Common options: --no-intercept, --intercept-h2 1,1,1 (one per trait), --intercept-gencov 0.0,0.0 (per-pair), --two-step 30, --samp-prev / --pop-prev (comma-separated, one value per input file).

make-annot

Generates 0/1 annotation files from a UCSC BED file or a gene set.

# From a BED file:
ldsc make-annot \
  --bimfile my_data.bim \
  --bed-file regions.bed \
  --annot-file output.annot.gz \
  --windowsize 100000

# From a gene set:
ldsc make-annot \
  --bimfile my_data.bim \
  --gene-set-file immune_genes.txt \
  --gene-coord-file ENSG_coord.txt \
  --annot-file output.annot.gz \
  --windowsize 100000

cts-annot

Bins one or more continuous annotations into categories and writes a .annot file compatible with l2 --annot (Python --cts-bin preprocessing).

ldsc cts-annot \
  --bimfile my_data.bim \
  --cts-bin DAF.txt,DIST.txt \
  --cts-breaks 0.1,0.25,0.4x10,100,1000 \
  --cts-names DAF,DIST_TO_GENE \
  --annot-file cts.annot.gz

Installation Details

Native builds require Rust ≥ 1.85. The Rust implementation uses faer for dense linear algebra.

Fast f32 mode (experimental)

Pass --fast-f32 to ldsc l2 to run core matmuls in f32 while accumulating in f64. This roughly halves memory for GEMM buffers and can be ~1.5x faster on CPUs with 256-bit SIMD. It is not parity-safe compared to the default f64 path.

Observed differences on full 1000G (Phase 3, --ld-wind-kb 1000, --chunk-size 200):

Speedup: ~1.44x (f32 vs f64)
Output deltas: max_abs_diff=0.001 (relative to f64)

# f32 matmul (runtime flag, no rebuild needed)
ldsc l2 --bfile … --out … --fast-f32

# default f64 (parity-safe)
ldsc l2 --bfile … --out …

Optional GPU acceleration (experimental)

Build with --features gpu to enable CUDA-accelerated matrix multiplication via CubeCL. Requires a CUDA toolkit at build time.

cargo build --release --features gpu
ldsc l2 --bfile … --out … --gpu

At 1000G scale (n=2,490), GPU is transfer-bound and slower than CPU. GPU acceleration targets biobank-scale cohorts (n >= 50k) where each chunk's GEMM is large enough for compute to dominate PCIe transfer.
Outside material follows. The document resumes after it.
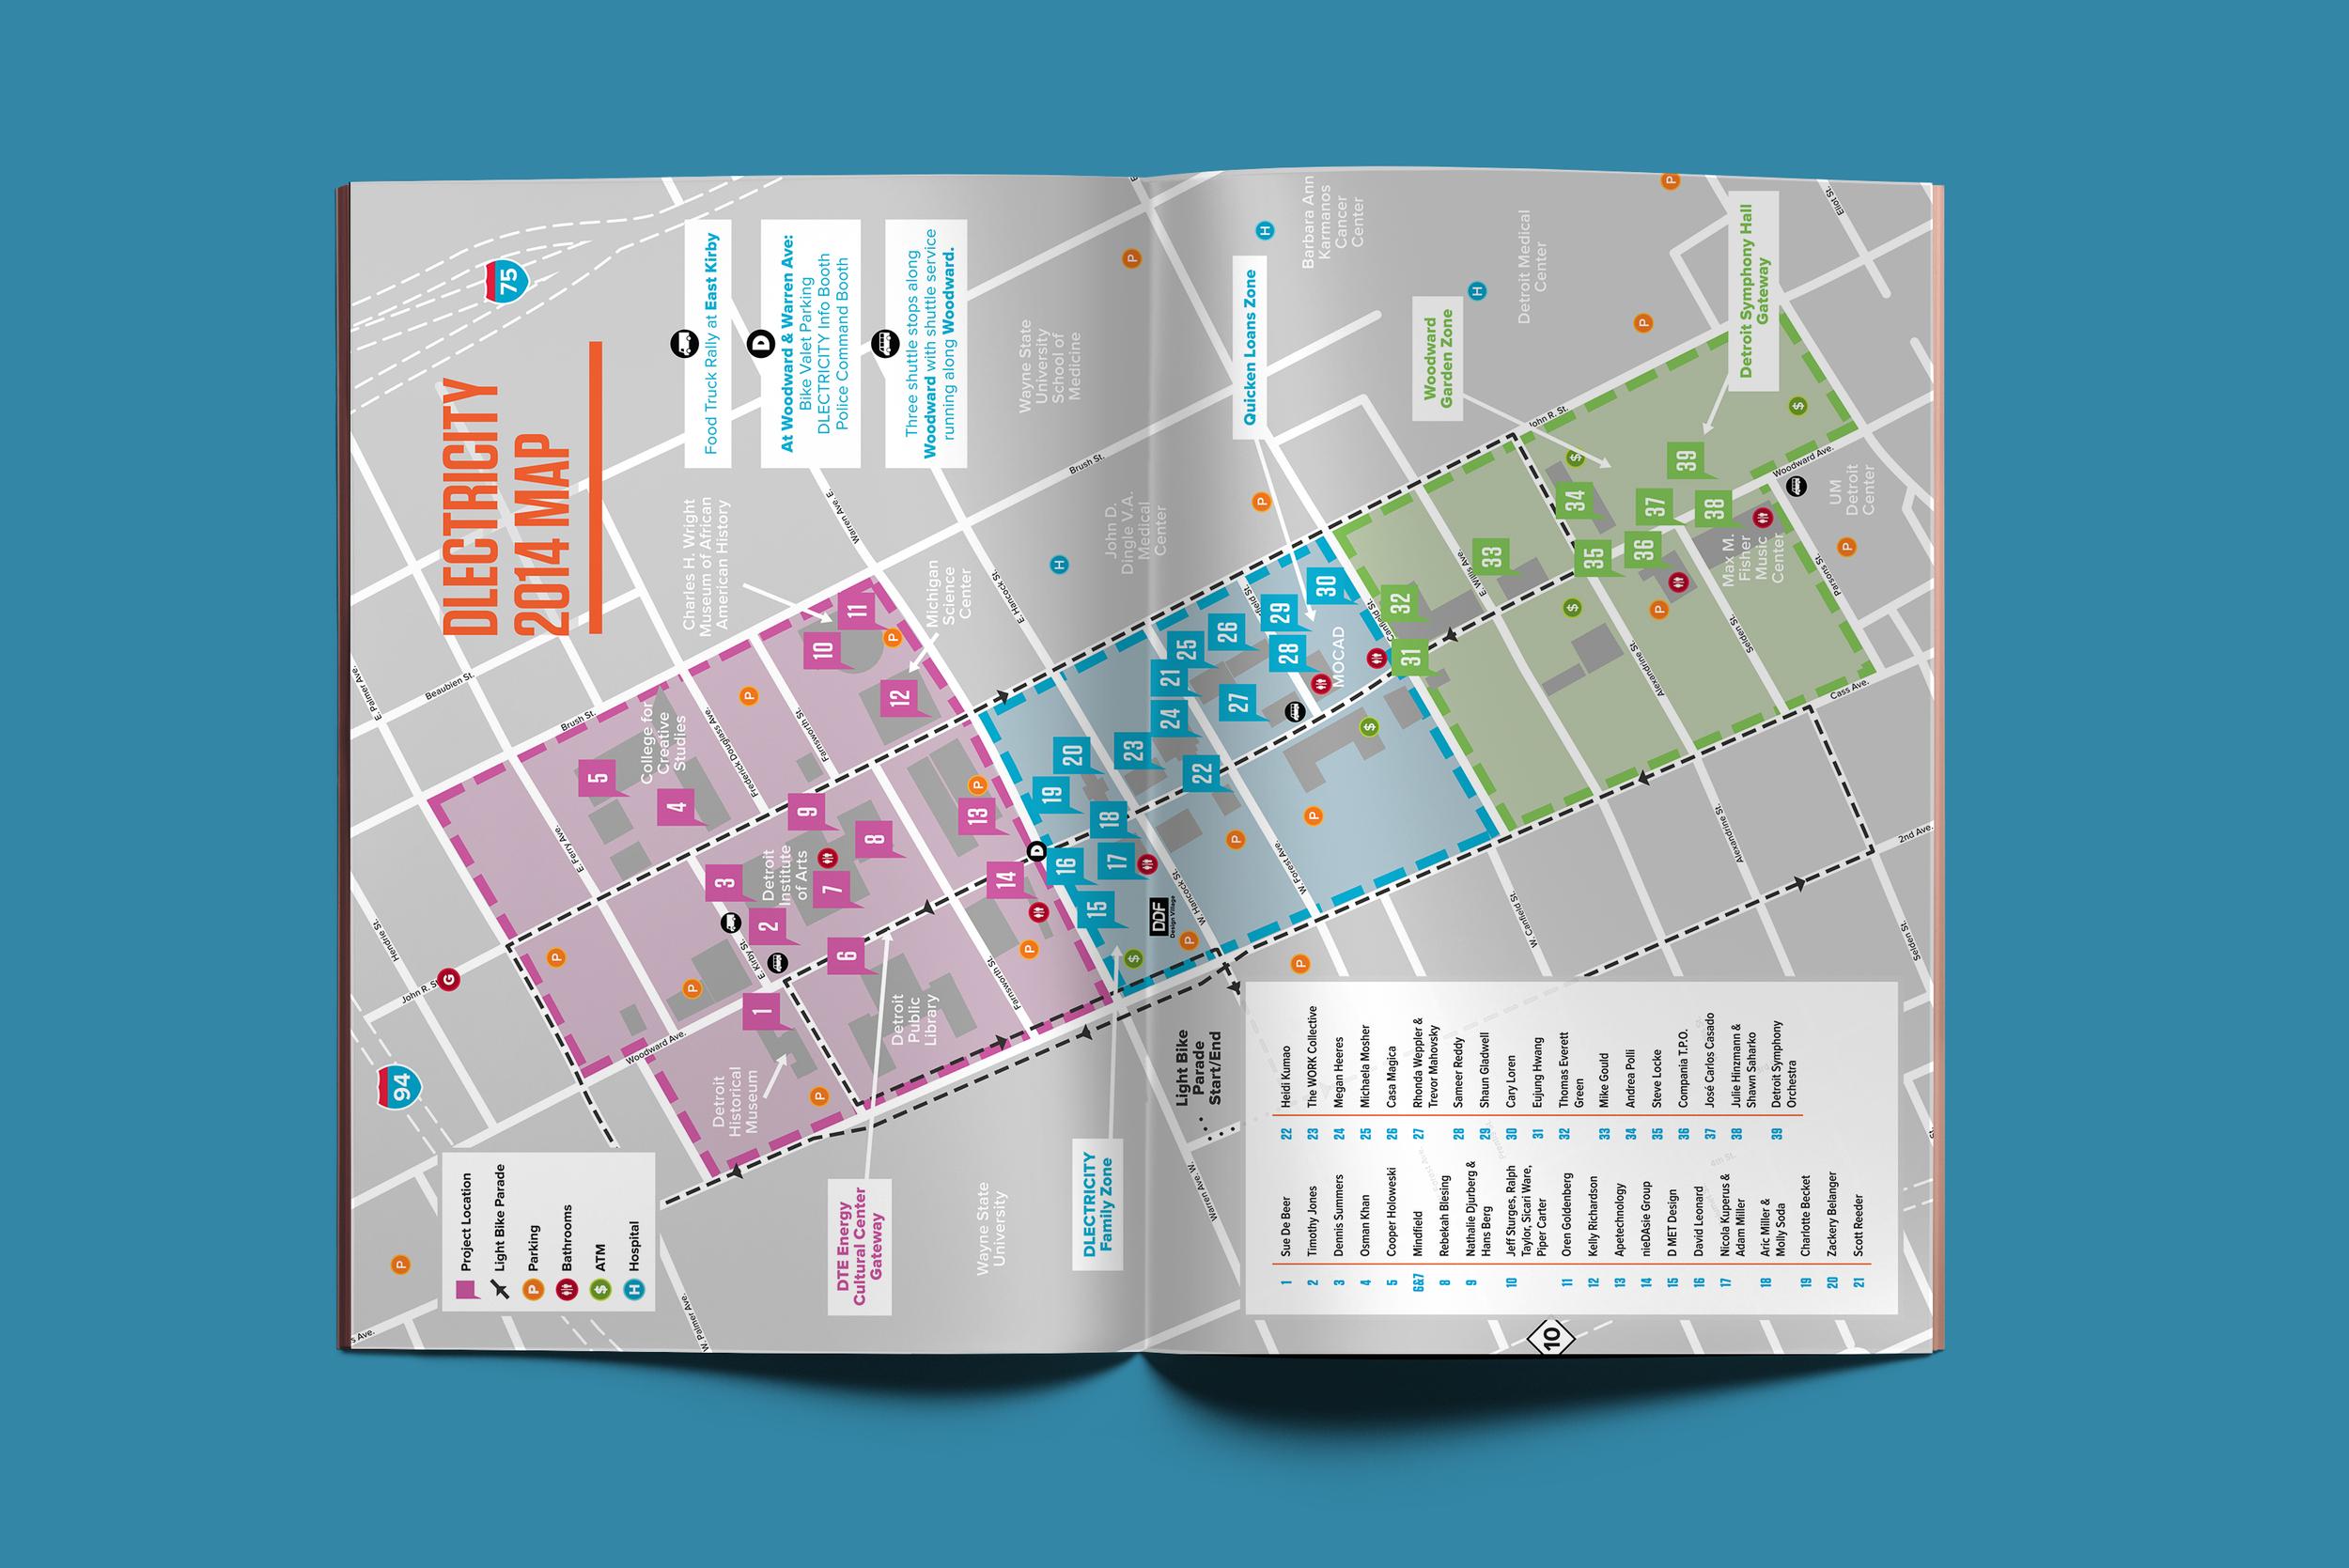 Program_Guide_Mapped.jpg

Use --gpu-tile-cols N to split large window matrices into VRAM-fitting tiles.

Default build (CPU only):

cargo build --release

Prebuilt Binaries

Releases include Linux, macOS, and Windows archives that contain ldsc, LICENSE, and README.md.

# Linux (x86_64)
curl -L -o ldsc_linux-x86_64.tar.gz \
  https://github.com/sharifhsn/ldsc/releases/latest/download/ldsc_linux-x86_64.tar.gz
tar -xzf ldsc_linux-x86_64.tar.gz
./ldsc --help

# macOS (Apple Silicon)
curl -L -o ldsc_macos-aarch64.tar.gz \
  https://github.com/sharifhsn/ldsc/releases/latest/download/ldsc_macos-aarch64.tar.gz
tar -xzf ldsc_macos-aarch64.tar.gz
./ldsc --help

# Windows (x86_64)
# Download the zip from the release page and extract:
# https://github.com/sharifhsn/ldsc/releases/latest/download/ldsc_windows-x86_64.zip

Docker

Images are published to the GitHub Container Registry on every push to main and for each version tag.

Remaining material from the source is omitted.